While create / destroy are only going to be called once in the current interface, bonus points for also making those idempotent for resiliancy in testing.

Supporting Methods

In order to assist with the checks listed the following functions exist:

resource_save project key value
resource_get project key

This allow resource scripts to have memory, and keep track of things like the allocated IP addresses, IDs, and other non deterministic data that is returned from OpenStack API calls.

Environment

Resource scripts get called in a specific environment already set:

  • TOP_DIR - will be set to the root of the devstack directory for the BASE version of devstack incase this is needed to find files like a working openrc
  • GRENADE_DIR - the root directory of the grenade directory.

The following snippet will give you access to both the grenade and TARGET devstack functions:

source $GRENADE_DIR/grenaderc
source $GRENADE_DIR/functions

Best Practices

Do as many actions as non admin as possible. As early as you can in your resource script it's worth allocating a user/project for the script to run as. This ensures isolation against other scripts, and ensures that actions don't only work because admin gets to bypass safeties.

Test side effects, not just API actions.
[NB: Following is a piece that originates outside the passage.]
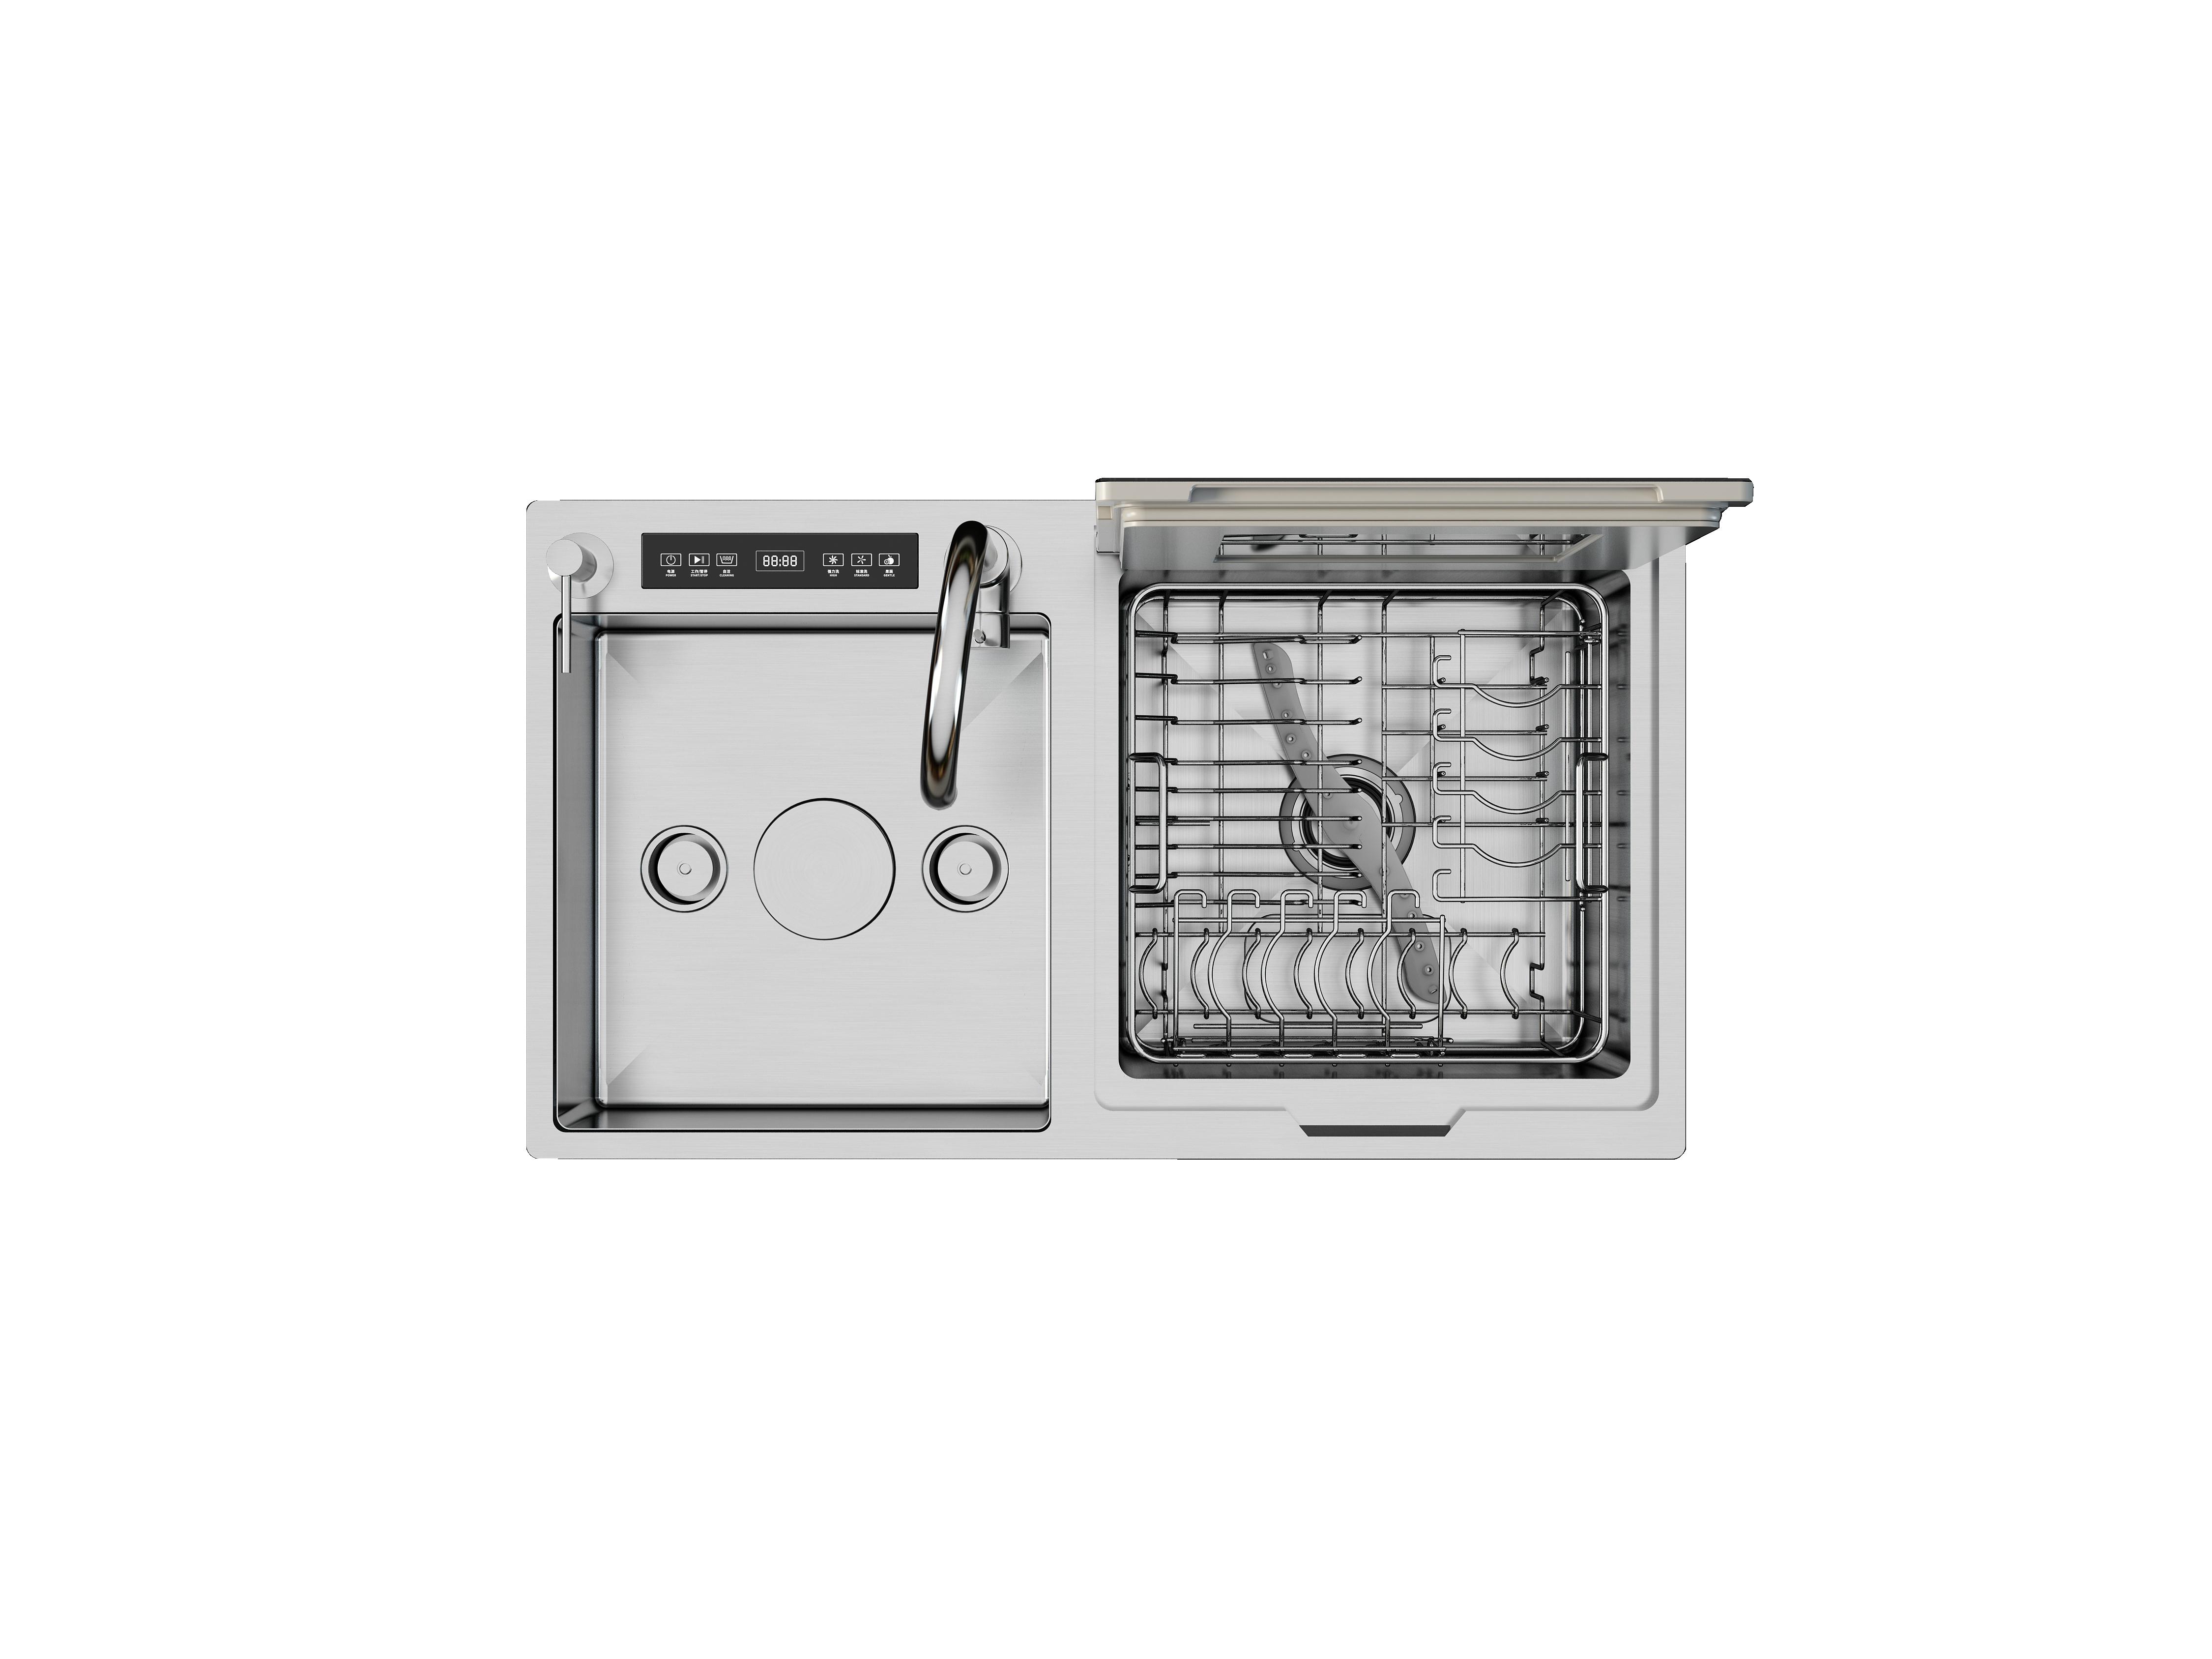 Meiao Malaysia style automatic dishwashers stainless steel sink washing dish machine smart countertop dishwasher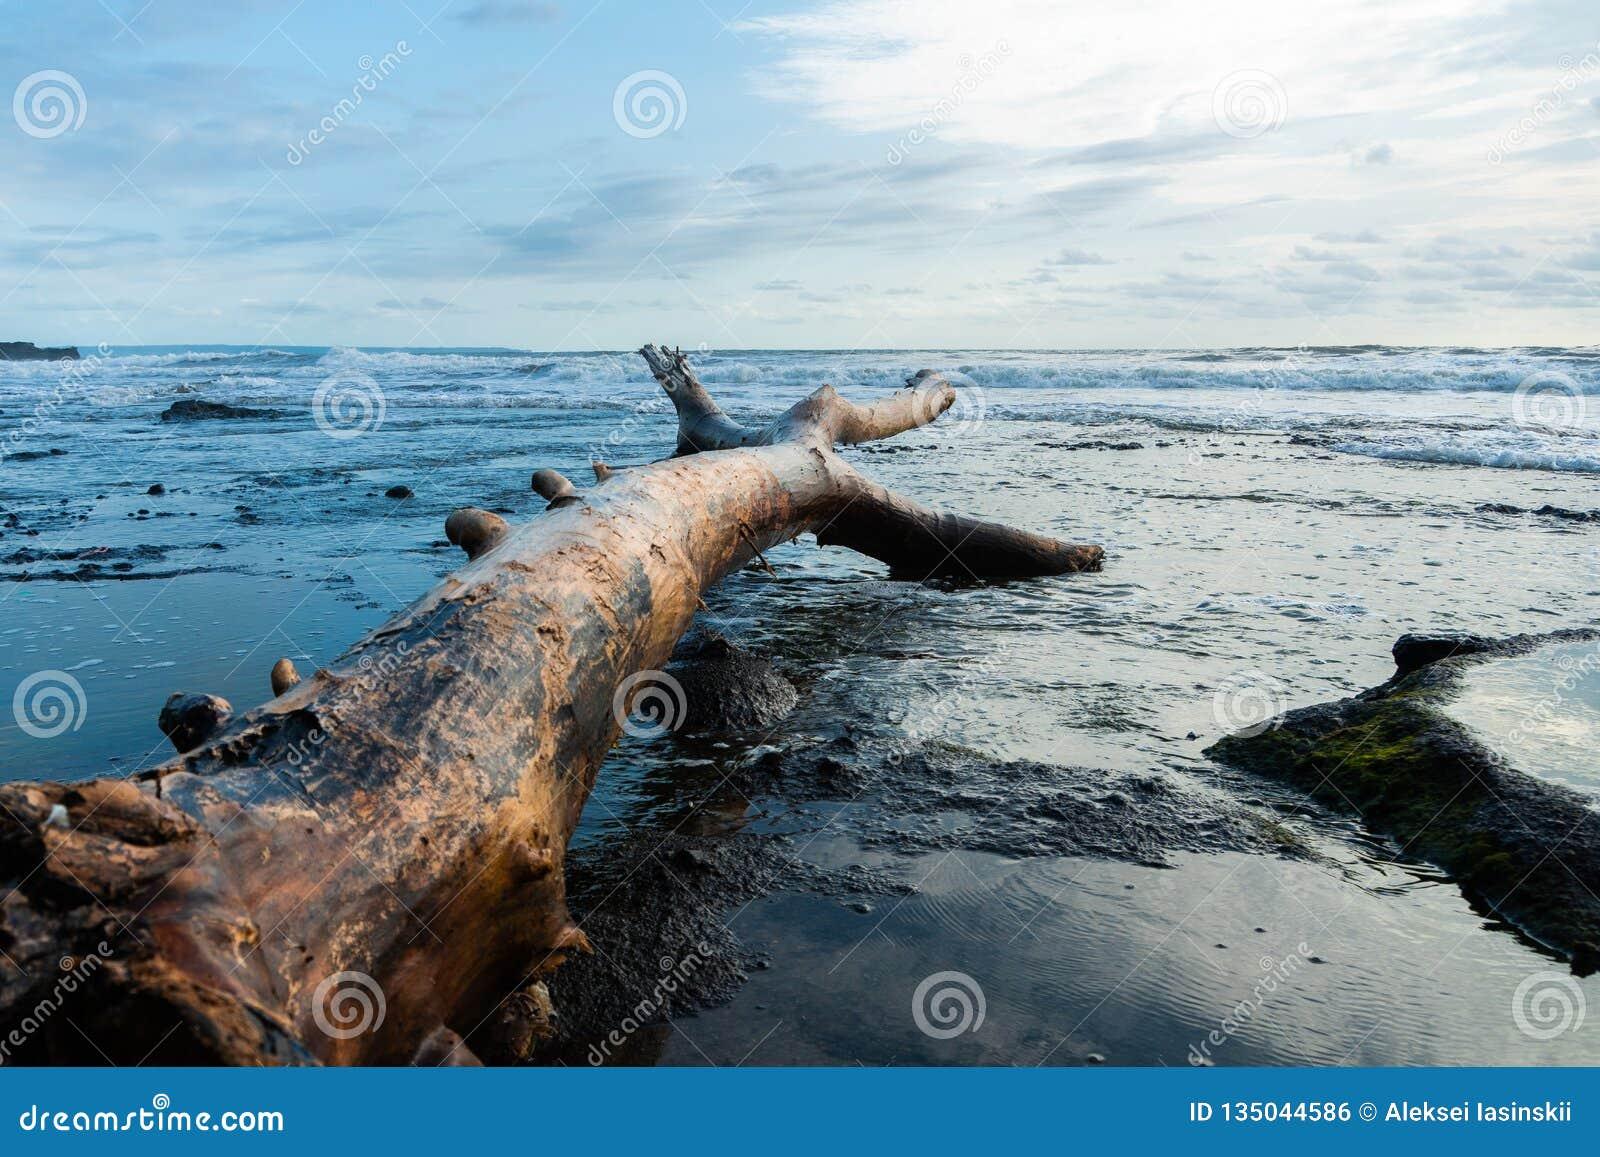 Stuk van drijfhout op zandig die oceanic strand door branding met laag van wit schuim op waterspiegel wordt gewassen

The point of these resource survival scripts is to test that things created beyond the API / DB interaction still work later. Just testing that data can be stored / retrieved from the database isn't very interesting, and should be covered other places. The value in the resource scripts is these side effects. Actual VMs running, actual iscsi targets running, etc. And ensuring these things are not disrupted when the control plane is shifted out from under them.

Out of Tree Plugins

A grenade plugin can be hosted out of tree in a project tree, similar to external devstack plugins. There are a few subtle differences when this happens.

The plugin structure will live under $project/devstack/upgrade/ directory.

The plugin is enabled by adding:

enable_grenade_plugin <$project> <giturl> [branch]

To pluginrc in the GRENADE_DIR. An additional rc file was required due to sequencing of when plugin functions become available.

Changing Devstack Localrc

There is also a mechanism that allows a settings file change the devstack localrc files with the devstack_localrc function.

::
devstack_localrc <base|target> arbitrary stuff to add

Which will take all the rest of the stuff on that line and add it to the localrc for either the base or target devstack.

Example settings

The following is a reasonable example settings for out of tree plugin:

register_project_for_upgrade heat
register_db_to_save heat
devstack_localrc base enable_service h-api h-api-cfn h-api-cw h-eng heat
devstack_localrc target enable_service h-api h-api-cfn h-api-cw h-eng heat

This registers the project for upgrade, symbolicly enables the heat database for dump during upgrade, and adds the heat services into the service list for base and target.

It's expected that most settings files for out of tree plugins will need equivalent lines.